Definitely go for private lessons if you think it will help. Private lessons generally do help as you get 1 to 1 tuition and you learn a lot more.


----------



## Shay (16 May 2016)

Riding is no different in this respect than any other sport - or indeed academic lessons.  You will get massively more from a private lesson than a group lesson.  The focus in any group is going to be on someone who is struggling and the rest of the group will get little or nothing.   and everyone progresses only as fast as the slowest learner.  No criticism - that's just life!  If you can afford it private lessons of very small groups of similar ability riders will help you progress much faster.


----------



## LadyDarcy (16 May 2016)

Ok thanks for the reassurance! I think I will go for it then just a one off. May be get one of the other good riders from my group to join  me and reduce the cost a little.


----------



## Overread (16 May 2016)

I wouldn't try to mix good and bad into a small group as the bad student will get more attention and value for money than the good. 

When teachers teach groups they do try to give equal time; but what inevitably happens is that students visually clearly struggling get more attention whilst those who overtly appear more confident or skilled are given less. This isn't teachers doing anything wrong; just trying to maximise the value of their time to their students.
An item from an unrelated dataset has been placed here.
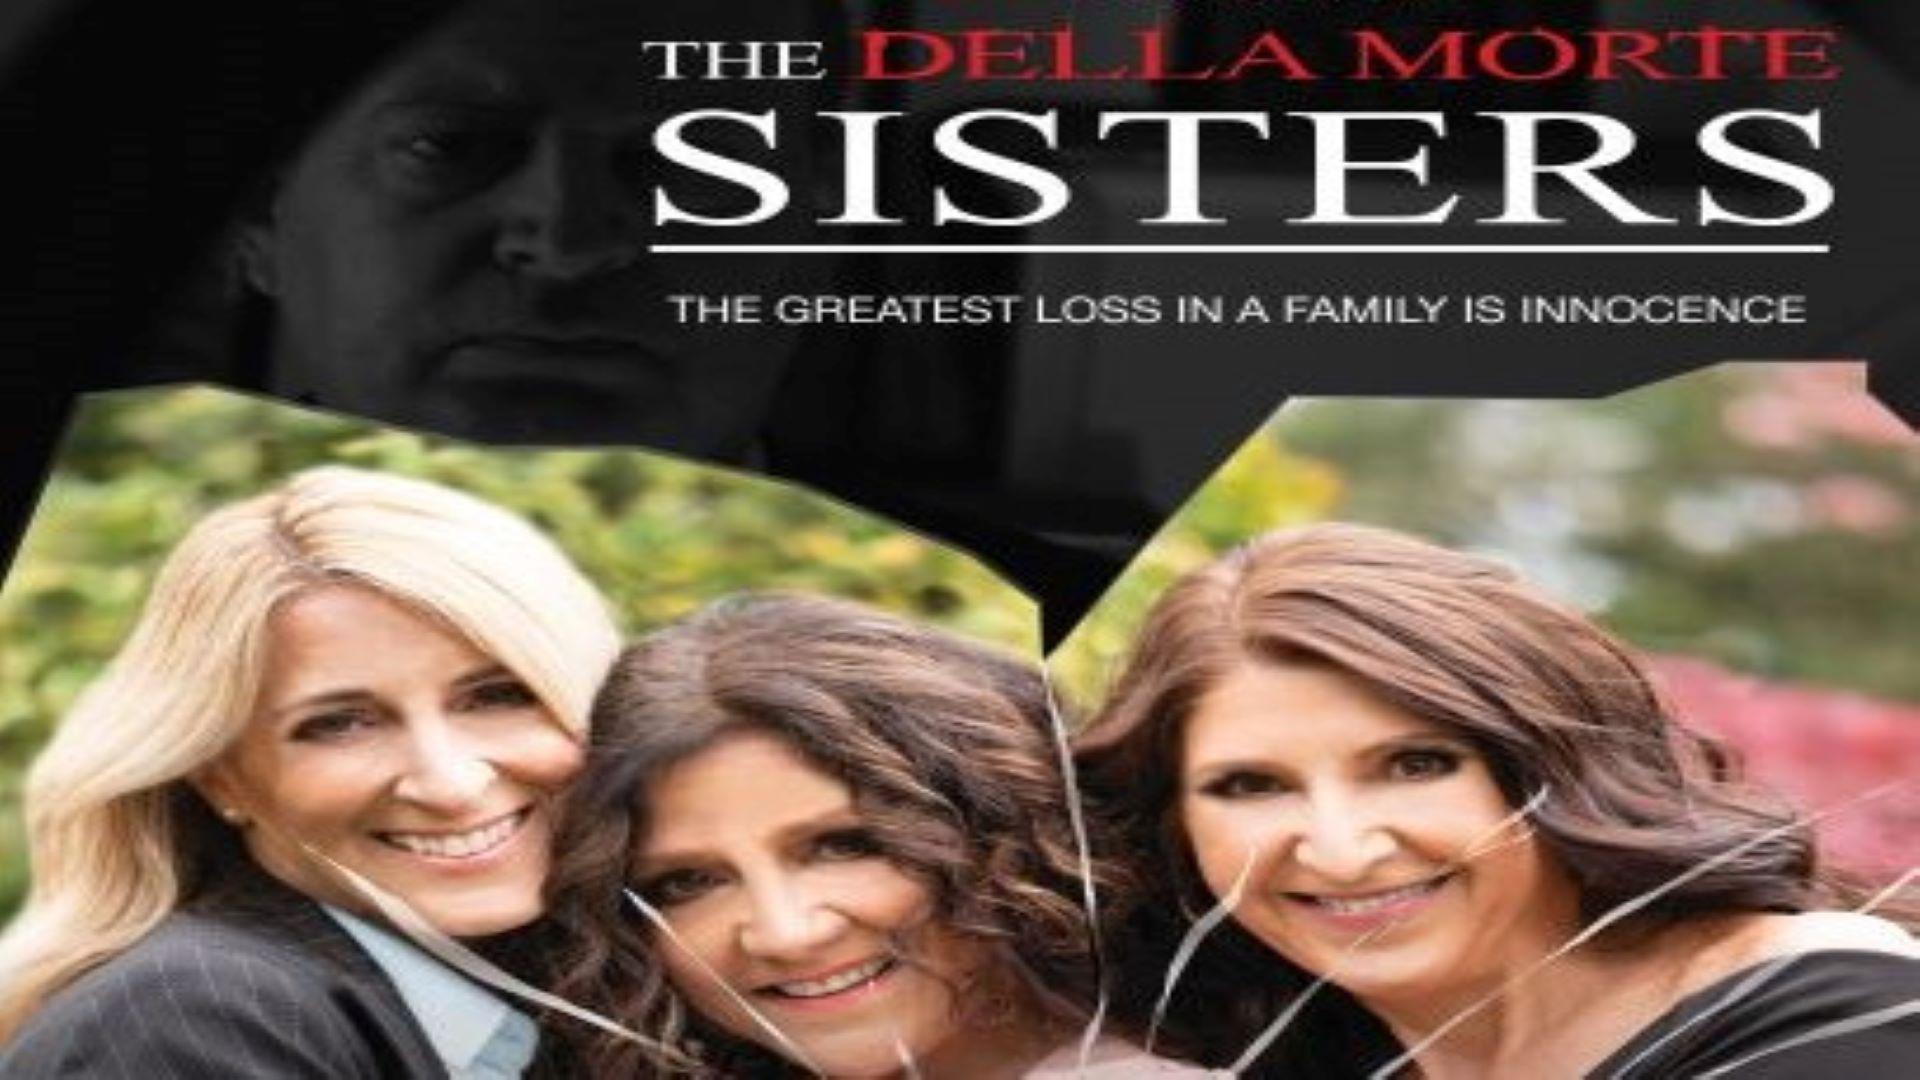 The Della Morte Sisters

As a result any group lesson tends to go at the pace of the weakest student (within reason) because the weaker element is the side that will be focused upon* to try and bring them up to standard. So if you pair with a better student they might not get quite as much benefit; although in a two person group it might not be too bad. 

I would try for someone more in-line with your skill level for small groups and then let the larger groups have higher skilled students (higher level with lower can work well if the group has a good social dynamic as higher level can help the lower). 


From my experiences in practical skill learning private teaching or very small groups are key. Especially because its very easy to appear like you know more than you really do; or more than you are confident in really knowing. As a result you can get ignored or bypassed by the teacher because they are focusing on those who are clearly visually struggling. This can mean that the class advances as a whole whilst the individual student is losing personal self confidence or advancing with subtle gaps. These things tend to get spotted and fixed in much smaller or private groups because the teacher can be more aware of the subtle differences going on with the students.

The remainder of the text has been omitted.